Such large-scale thefts represent one high-profile part of “the hacker market” that a RAND Corporation report describes as “...once a varied landscape of discrete, ad hoc networks of individuals initially motivated by little more than ego and notoriety – has emerged as a playground of financially driven, highly organized, and sophisticated groups”. In other words, there is money in stealing your personal information, and there is a global marketplace dedicated to facilitating and exploiting that theft.

The costs to Australians of identity fraud – of which this kind of systematic, industrial computer crime makes up a substantial part – are significant. An Australian Institute of Criminology study indicates that roughly 5% of Australians suffer financial loss due to identity fraud each year.

Like any crime, blame ultimately lies with those who attack systems for money. But given the profits to be made and the global nature of the problem, it is naive to imagine that moral suasion or international law enforcement will substantially reduce the threat to data stored on the computers of companies large and small. So why aren’t companies more effectively protecting their customers’ data from hackers?

Part of the reason is that it’s damnably difficult. Both Heartbleed and Shellshock involved flaws in very widely used software whose source code are available to anyone, and are known to be particularly consequential if security flaws are found, and neither problem was caught for years. In the case of Bash, the problem dated back at least 20 years – and nobody spotted it. It’s no wonder that security problems creep into the myriad lower-profile pieces of software infrastructure, and the custom applications built by and for businesses, which aren’t the beneficiary of such scrutiny.
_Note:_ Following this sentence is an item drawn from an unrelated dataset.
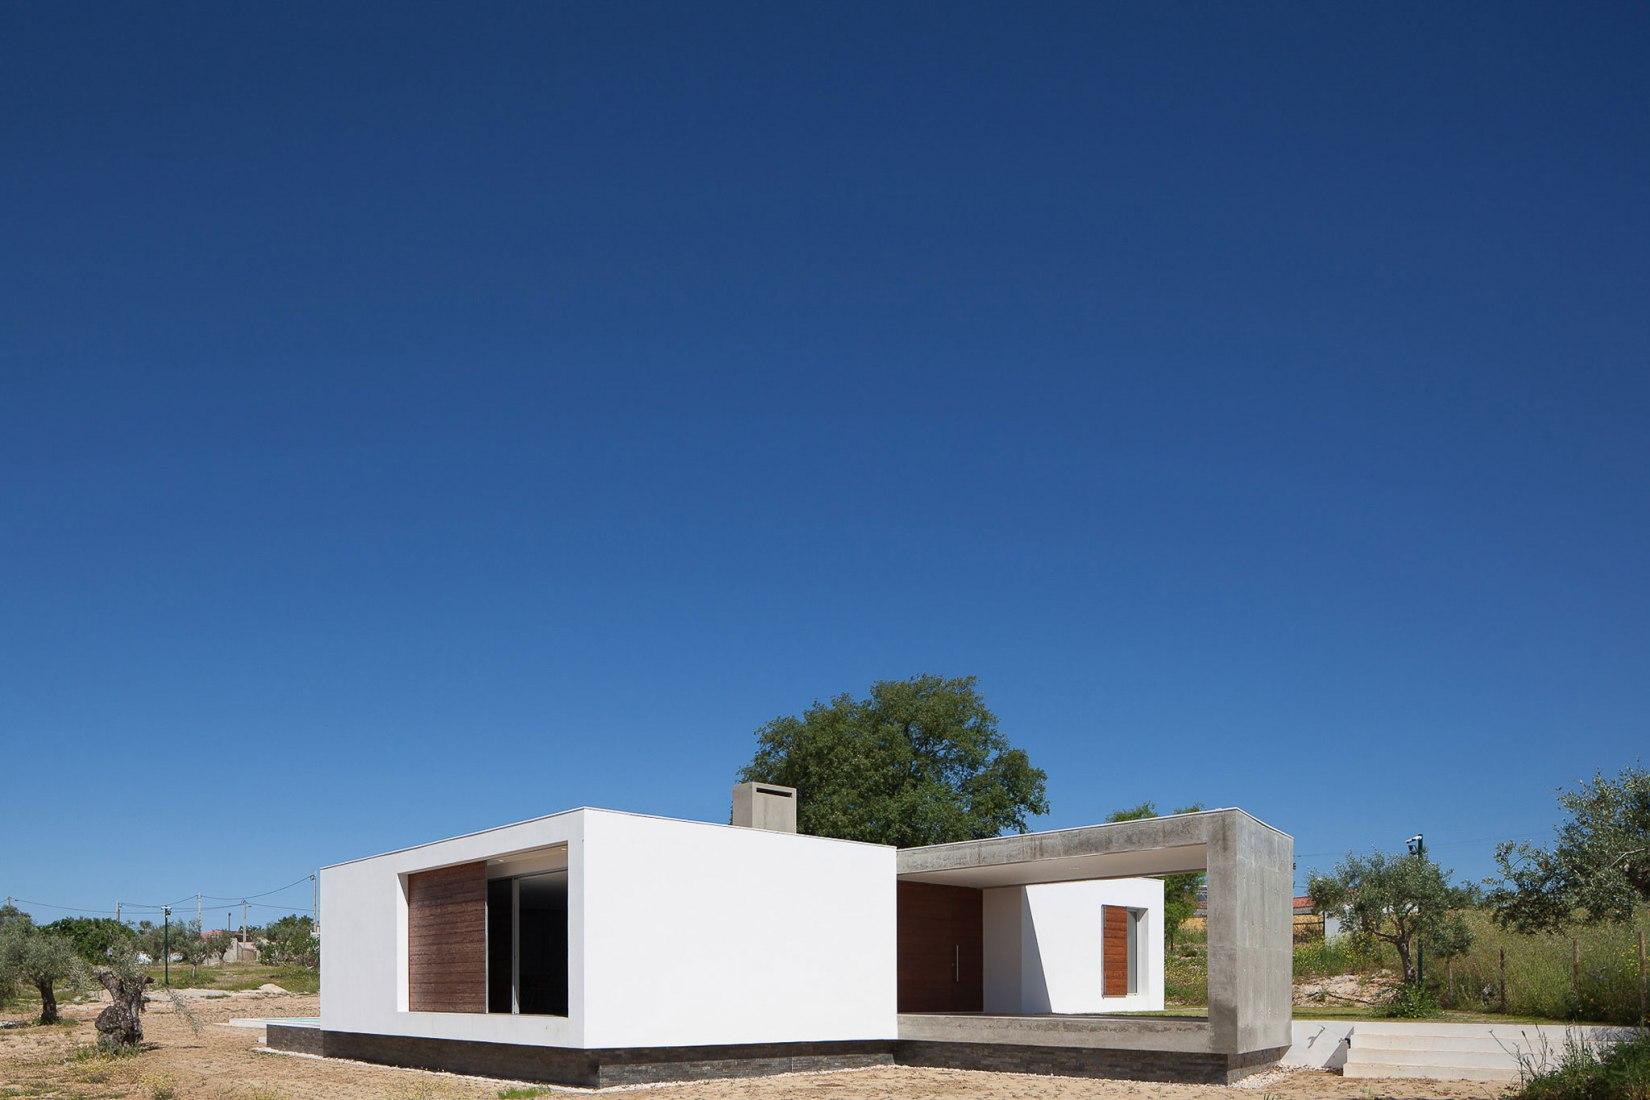 Exterior. Casa del Anillo por Vasco Cabral + Sofia Saraiva  Architects. Fotografía © José Campos

Hard as it may be, it’s also worth observing that the costs of large-scale data breaches largely accrue to parties other than the businesses whose systems are attacked. Home Depot estimates that the data breach will cost it US$62 million, which sounds like a lot of money. But for a company whose annual revenue is US$79 billion it’s small change.

Most of the cost of the data loss is likely to be borne by banks, as fraudulent credit card transaction costs usually are, and by the consumers whose personal information was stolen. Even the bank losses ultimately diffuse to consumers as higher transaction fees on credit cards. It’s a classic instance of moral hazard, defined by Wikipedia as when “a party is more likely to take risks because the costs that could result will not be borne by the party taking the risk”.

What about Governments?

The same techniques are deployed with even greater skill and resources by the intelligence agencies of governments, but for information gathering rather than profit. Discussing the issues surrounding mass government collection and analysis of digital information, as illustrated by the leaks by Edward Snowden, is beyond the scope of this essay but it’s worth noting that the chances of keeping governments out of private-sector data in which they are sufficiently interested are minimal, and government interests, notably the US government’s interests, have become extraordinarily wide.

The Problem in Perspective

IT systems are insecure. Few organisations are prepared to wear the direct and indirect financial costs of protecting their systems properly, and criminals exploit this for substantial profit. But as a society we choose to tolerate the losses. Why? Partly because they’re largely not worn by those in the best position to reduce them – the companies holding the data they fail to keep secure.

One relatively simple way that companies could improve their data security is to collect and retain less of it. But that seems unlikely, with the latest buzzword in the IT industry being “big data”. Companies and government departments are rushing to employ sophisticated analysis techniques to wring what they hope are valuable insights from the enormous amounts of data they now keep on their clients. In this environment it seems that more, rather than less, data will be kept by companies, and it is a safe bet that hackers will find ways to steal and exploit those ever-expanding databases.